Grand Alpha Soderquist also took a moment to recognize the donors to the Changing Lives Campaign, which helped make this long awaited program possible. Through their generous donations, something that was a dream for nearly 15 years became a reality. The Alphas Academy was developed to provide Alphas with the tools to be the model leader and to elevate the performance of Chapters.
It was also announced that Brother Jim Hartsel, Rho 1962 has made a generous gift to establish the David Walsh Fund for Undergraduate Leadership which will provide scholarships for Brothers to attend the Alphas Academy. The first fund dedicated to Alphas Academy scholarships, it will honor the memory of Rho Chapter Brother Dave Walsh who was killed in action during the Vietnam War. Brother Walsh, like so many Brothers that will attend the Alphas Academy, was a natural leader and earned the Distinguished Service Cross for extraordinary heroism in action.
Alphas also had the opportunity to hear from Jim Wimberly, Eta 1965; Ken Fredericks, Theta Delta 1980; Dave Skelton, Omega 1980 and Brian Otott, Alpha Zeta 1989 on the Taking Leadership from the Chapter Room to the Board Room alumni panel. Brother Otott shared that Alphas must model the behavior they want to see from their Chapter. “People will be looking to you, the Alpha, to walk the walk. Showing your core values in your actions will help your Brothers understand what is expected of them.”
Brother Fredericks, who spent 20 years leading the Human Resource divisions of major corporations, shared that the most important lesson he learned from Chi Phi and his career is that picking the right people is the key to success. “Selecting the right Brothers to join the Chapter, the right Brothers to chair a program or serve as an officer is no different than how a corporation works to select the right employees. Don’t be afraid to pick the right people.”
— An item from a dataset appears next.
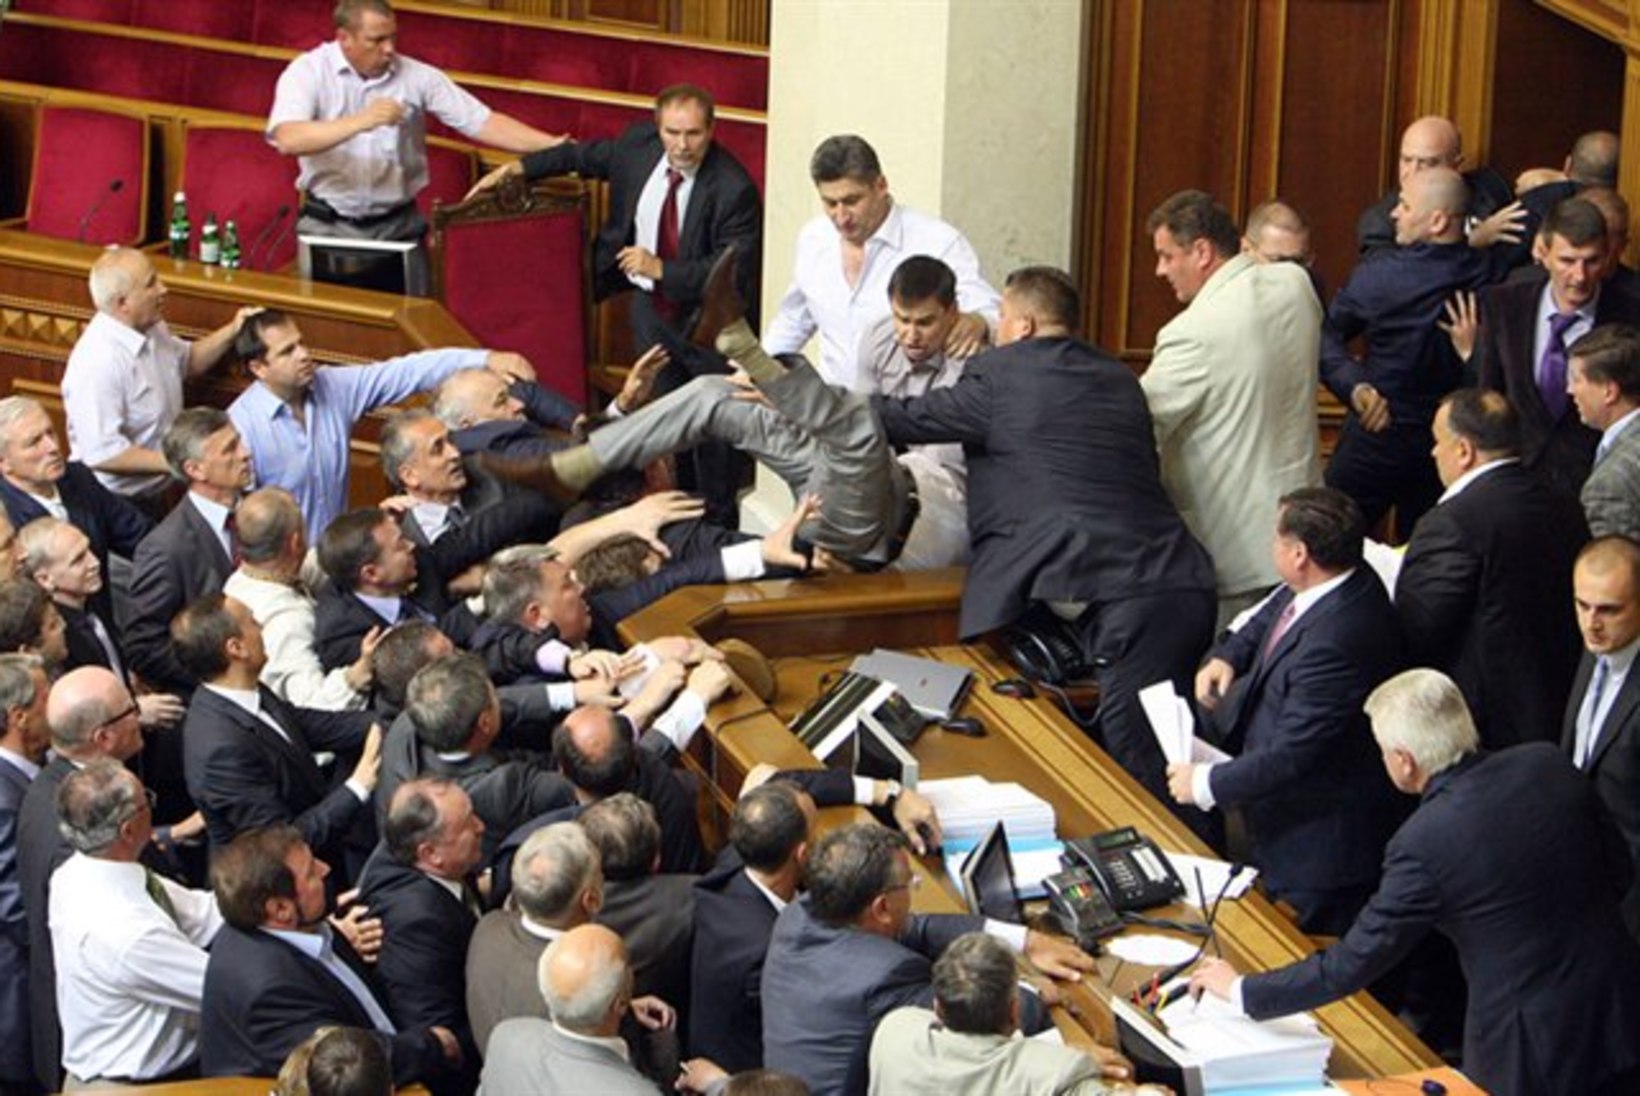 FOTOD JA VIDEO: Ukraina parlamendis läks veriseks löömaks

The weekend wrapped up with the Chairman’s Dinner hosted by Trust Chairman Chris Shuler, Alpha Zeta 1984. Col. J. Dale Alford, USMC, Alpha Zeta 1986 addressed a crowd of nearly 100 Alphas, alumni and guests. Col. Alford, one of the most highly decorated Marines serving today, shared with the Alphas, “Don’t be threatened by disagreements. It will take time, but if you are honest and consistent, your Brothers will learn to tell you, the Emperor, you have on no clothes. You want that.” He also went on to say, “Be transparent. Make your decisions in open forums. It’s never about you. It’s about the Fraternity, it’s about your Brothers and it’s about the success of your Chapter.”